MEMBER: MR R EASTON (SENIOR SESSIONAL MEMBER)
HEARD: 21 AUGUST 2008
DELIVERED : 30 OCTOBER 2008
FILE NO/S: DR 188 of 2008
BETWEEN: HAROLD JOHN SMITH
DONALD MICHAEL BURKE
JAN MARIE SMITH
ApplicantsAND
CITY OF ALBANY
Respondent
Catchwords:
Town planning - Development application - Dual zoning - Residential development - Reserved land - Parks and recreation - Ultimate purpose - Foreshore management plan - Waterways Conservation Act - Embankment - Erosion - Excavation or filling - Natural sedimentation process - Grasses - Root mat - Native vegetation - Fence - Retaining wall - Sea wall - Boat ramp - Visual amenity - Context of the setting - Natural land forms - Whether planning consent was required - Whether the proposal was consistent with the ultimate purpose of the reserve - Whether the proposal had the potential to cause environmental degradation - Whether the proposal would adversely affect the amenity of the locality
Legislation:
City of Albany Town Planning Scheme No 3, Pt II, cl 2.2, cl 5.4, cl 5.1.2.2, cl 5.1.2.2(b), cl 5.2.1.1
Planning and Development Act 2005 (WA), s 250(1)

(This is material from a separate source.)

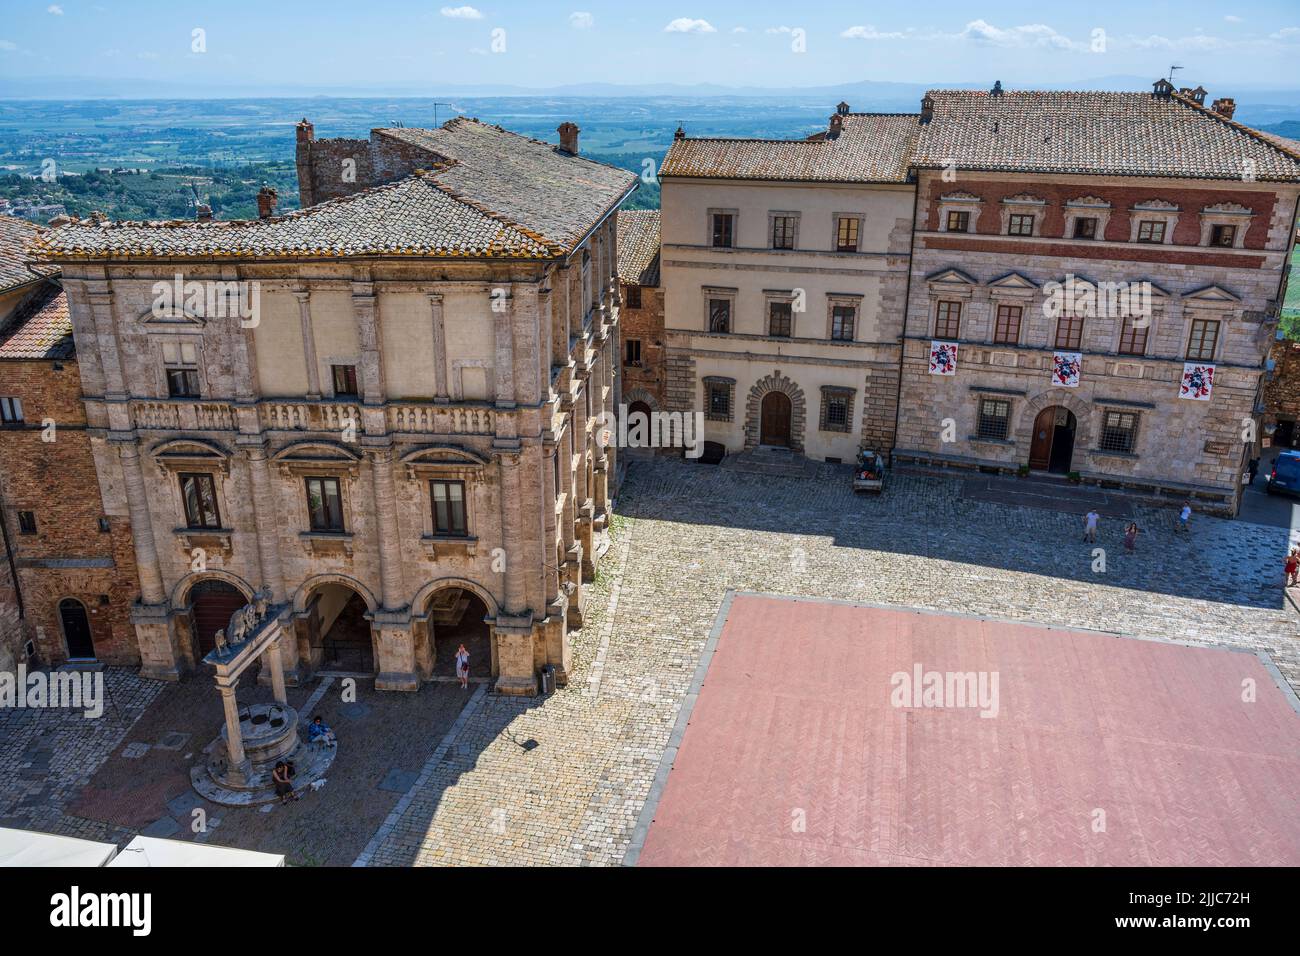 Elevated view of medieval palaces and well on Piazza Grande from the tower of Palazzo Comunale in the hilltop town of Montepulciano in Tuscany, Italy Stock Photo

Waterway Conservation Act 1976 (WA)
Waterways Conservation Regulations 1981 (WA), reg 8, reg 9.1
Result:
Application for review allowed in part
Category: B
Representation:
Counsel:
Applicants: Self-represented
Respondent: Mr G Bride (Acting as Agent)
Solicitors:
Applicants: Self-represented
Respondent: City of Albany
Case(s) referred to in decision(s):
Hamzah and City of Fremantle [2006] WASAT 360
Sunbay Developments Pty Ltd and Shire of Kalamunda [2006] WASAT 74
REASONS FOR DECISION OF THE TRIBUNAL:
Summary of Tribunal's decision
This matter involved an application for review of the refusal of a development application for a retaining wall and boat ramps at No 5 (Lot 23) and No 6 (Lot 24) Stubbs Road, Little Grove and No 32 (part lot 22) Marine Terrace, Little Grove.
The issues were:
•whether planning consent was required;
•whether the proposal was consistent with the ultimate purpose of the reserve;
•whether the proposal had the potential to cause environmental damage; and
•whether the proposal would adversely affect the amenity of the locality.
The Tribunal determined that planning consent was required for the retaining walls and the boat ramps including retrospective planning approval for the two existing boat ramps.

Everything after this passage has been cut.